Nursing Interventions and Rationales:

  1. Blood sugar monitoring Normal range 70-180 mg/dL (Patients may have different target blood sugar levels): Fasting - upon waking up, Before each meal, At bedtime
    • The physician will determine the target blood glucose range for each patient.

      Teach patient how to use glucometer and when to test blood sugar level.

      Encourage patient to contact physician if blood glucose readings are higher than their target or if they have two readings >300 mg/dL
  2. Monitor feet and educate patient of importance for foot monitoring. Encourage proper foot care.
    • Decreased blood flow to the feet and neuropathy cause a reduction in sensation.
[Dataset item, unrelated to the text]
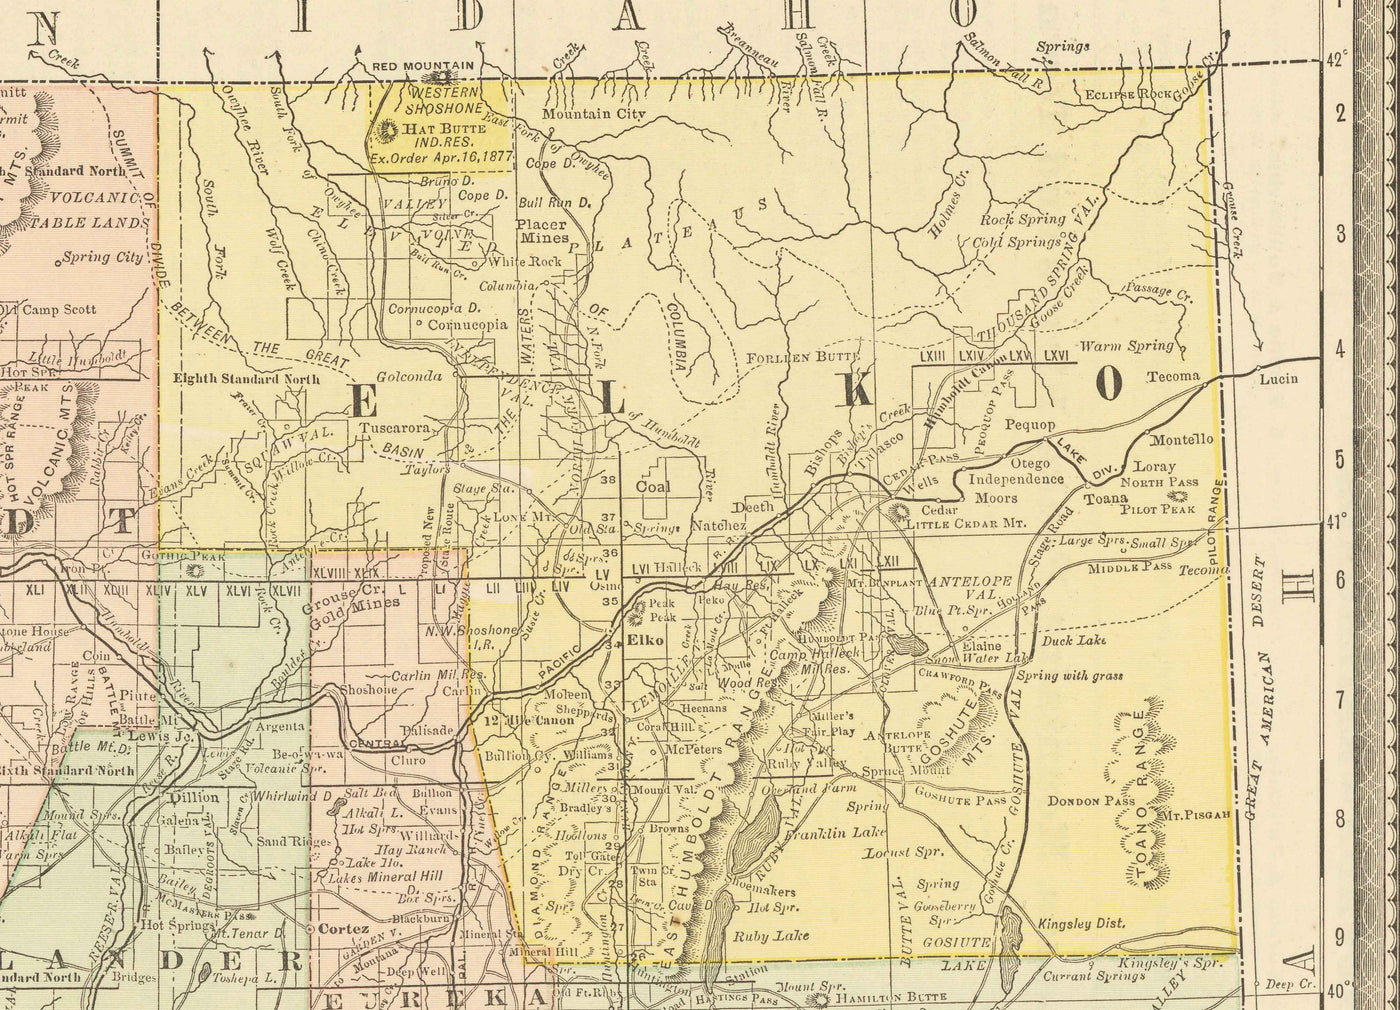 Alte Karte von Nevada, USA, 1882 von Rand & McNally - Las Vegas, Reno, Bezirke, Carson City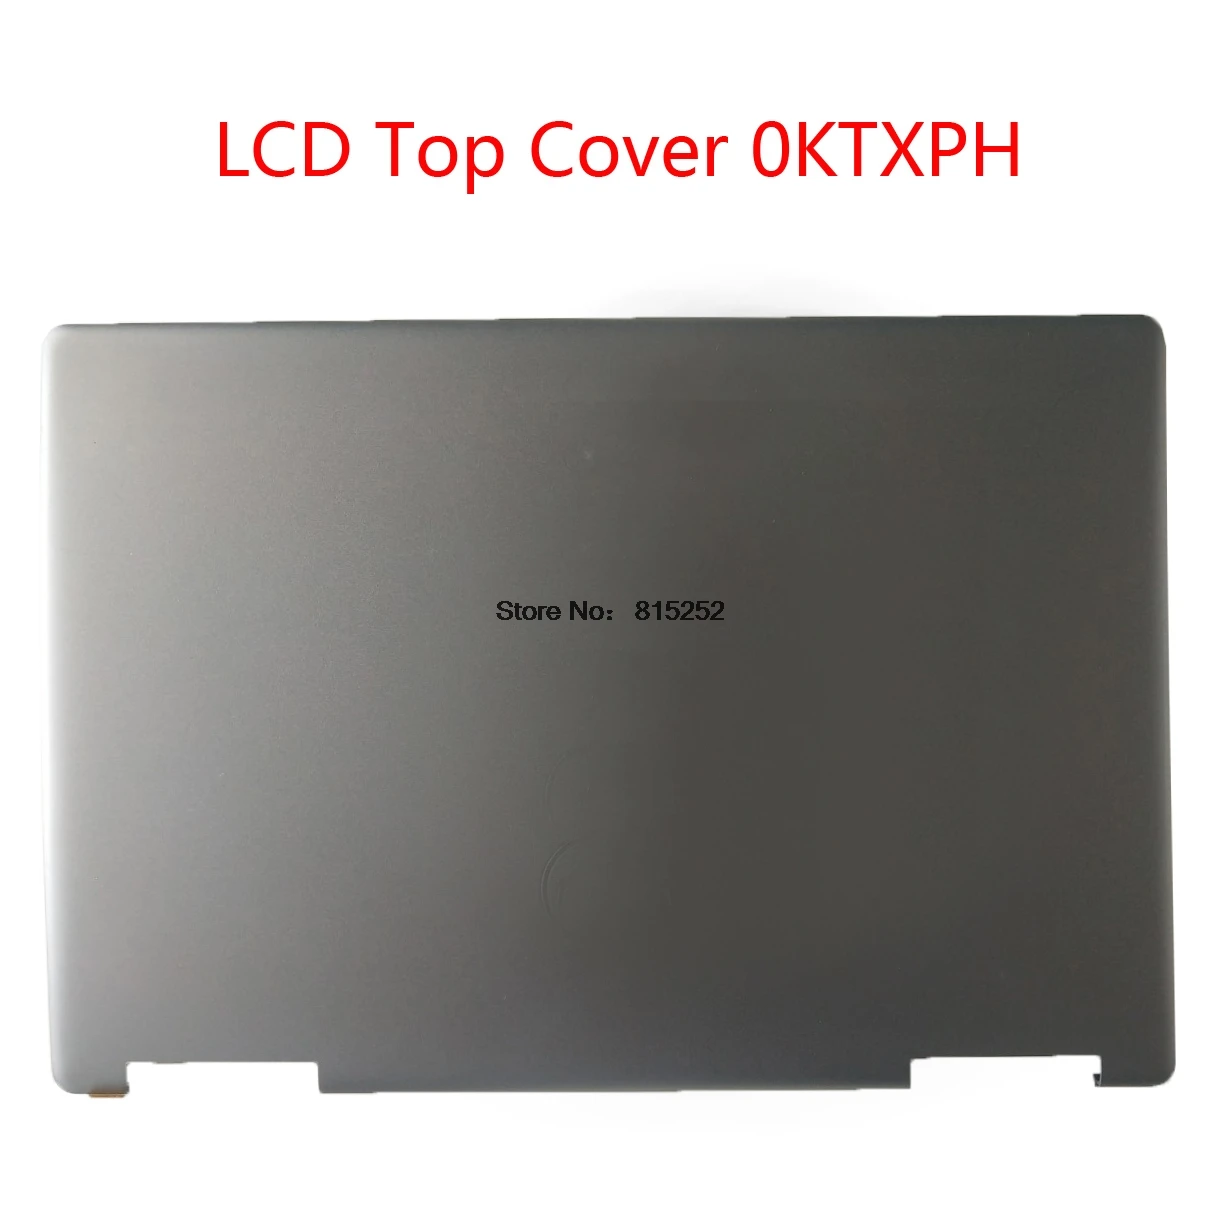 GAOCHENG Laptop LCD Top Cover for DELL Inspiron 13 7370 7373 P83G 0KTXPH KTXPH Gray Back Cover New

      Because of decreased sensation and slow wound healing, injuries to the feet, even as small as a blister, may progress rapidly and become serious wounds.

      Encourage daily foot care to include cleaning and inspecting the feet for injuries and trimming toenails straight across.

      Encourage patient to routinely visit a podiatrist.
      Monitor existing wounds and provide wound care as necessary.
  3. Monitor vitals / blood pressure
    • Diabetic patients are at higher risk of hypertension. Vascular strain can affect vision, kidney function or lead to stroke and heart attack.
  4. Administer Insulin: Rapid Acting Humalog Novalog, Fast/Short Acting Regular Insulin, Intermediate Acting NPH Insulin, Long Acting Lantus Levemir Educate patient on how to self-administer insulin at home
    • Administer insulin per facility and provider guidelines. Make yourself familiar with the types of insulin and how they work. You should know the onset, peak and duration of each insulin.

      Rapid Acting:
      Onset: 10 - 30 minutes
      Peak: 30 min - 3 hours
      Duration: 3 - 5 hours

      Fast/Short Acting:
      Onset: 30 min - 1 hour
      Peak: 2 - 5 hours
      Duration: Up to 12 hours

      Intermediate Acting:
      Onset: 1.5 - 4 hours
      Peak: 4- 12 hours
      Duration: Up to 24 hours

      Long Acting:
      Onset: 1 - 4 hours
      Peak: 4 - 12 hours
      Duration: Up to 24 hours

      Educate patient to self-administer, cleaning the site with alcohol prior to inserting needle, rotating injection sites and angle of injection.
  5. Encourage annual diabetic retina exams by opthamologist
    • Vascular changes can lead to deterioration of the retina. Encourage patient to have a dilated retinal exam at least once per year by an opthamologist.
  6. Educate patient on how to handle blood glucose fluctuations: Hyperglycemia (Hot and dry, sugar high), Hypoglycemia (Cold and clammy, give candy)
    • Hyperglycemia: If the glucose reading is higher than the target range, encourage patient to increase water intake

      Hypoglycemia: If the glucose reading is below the target range (<70 mg/dL) and the patient is awake and able to eat or drink, give orange juice, crackers and peanut butter to raise the glucose level.
  7. Nutrition and Lifestyle Education: Exercise - increase circulation, lose weight, Diet - make healthy diet choices, Avoid smoking Limit or avoid alcohol
    • Educate the patient on how to count carbs and what foods / beverages are to be avoided.

      Encourage patient to consult dietitian for counseling and meal preparation ideas

      Educate patient on the glycemic index of foods and how to read nutrition labels.